ニホンザルは群れを作る習性があり、その中に「ボス」と呼ばれる親分がいますが、高崎山自然動物園の飼育員の話によれば、以下のような特徴があるそうです。

・複数の大人のオスとメス、子供からなる集団で群れを作り、順位や役目が決まっている。

・群れの中に大きなオス猿がいて、それがボスと言われている。高崎山のように大きな群れでは、5~6匹のボスが存在する。

・ボスの中にも勢力や順位があるが、ボスの順位は時々変わることがあり、弱かった方のボスが強かった方のボスを負かして、順位が上に上がることがある。

・えさを食べる順番は、ボス→成長したオス猿→若いオス猿の順番。メス猿と子猿は特別で、ボスの近くにいてボスと一緒にえさを食べることができる。メス猿と子猿はボスに守られていて、ほかの猿からいじめられない。

・群れの中に見張り役の猿がいて、若いオス猿が担当している。木の上に登って、群れに何か危険が迫ると、仲間に知らせる役割をしている。

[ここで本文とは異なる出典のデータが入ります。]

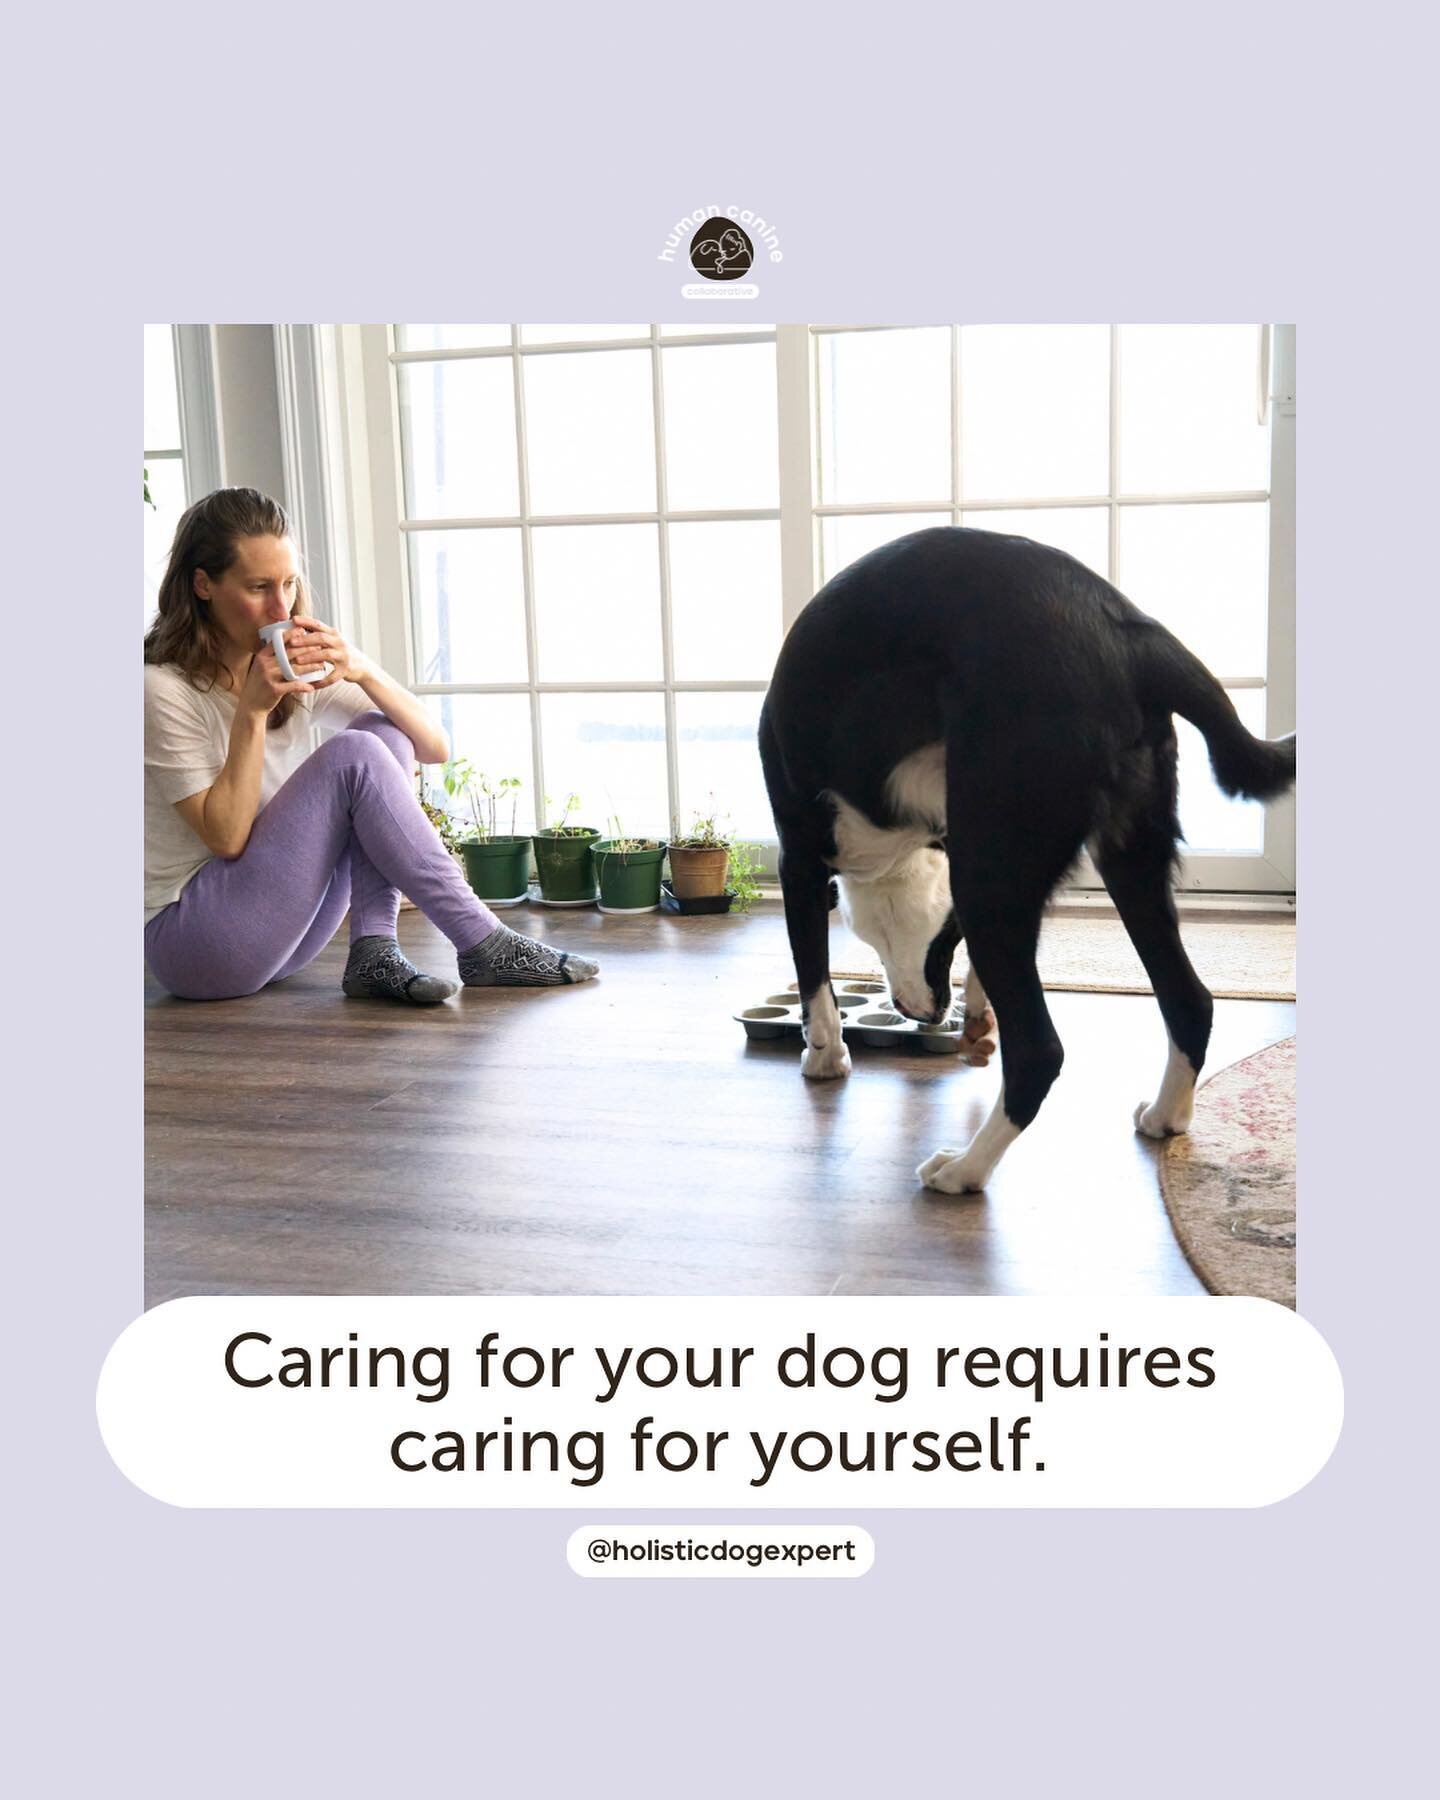 You&rsquo;ve heard the saying&hellip;&rdquo;you can&rsquo;t pour from an empty cup&rdquo;&hellip;and that means that you need to be cared for in order to provide care to others! This applies to all kinds of caregiving, including caring for our dogs,

これだけ役割がキチンと決まっていると、人間の会社社会に似ていると感じた方も多いのではないでしょうか?高崎山で1時間半ほど観察してきましたが、お互いの毛繕いをしたり、子ザルと遊んでいる和やかな猿がいる一方で、あちこちでちょっとした小競り合いや、大声を上げて威嚇?をしている猿もいて、平穏ばかりではない様子でした。一部の猿は私に対して威嚇したり、かばんを取ろうとする猿もいて、人間に対して警戒心のある猿とそうでない猿が共存して、ニホンザル社会はなかなか奥が深いと感じた次第です。

そんな高崎山自然動物園ですが、現在ニホンザルの群れはB群とC群の2つにそれぞれ650~700頭程度の猿がいるそうです。ところが最近C群の有力なオス猿たちが、メス猿を求めてB群にこぞって移籍が相次ぎ、B群とC群の出生数に大きな差が出てきているそうです。実は2002年までは「A群」という群れが存在していたそうですが、同様の形で群れを離れて移籍する猿が相次ぎ、最後はC群に追いやられる形で姿を消したとのこと。そのためその時と同様に、このままでは将来C群がなくなりB群だけになってしまうのでは?と動物園関係者が危惧している模様です。

吸収?合併?・・・・このあたりも人間の会社社会にそっくりですね。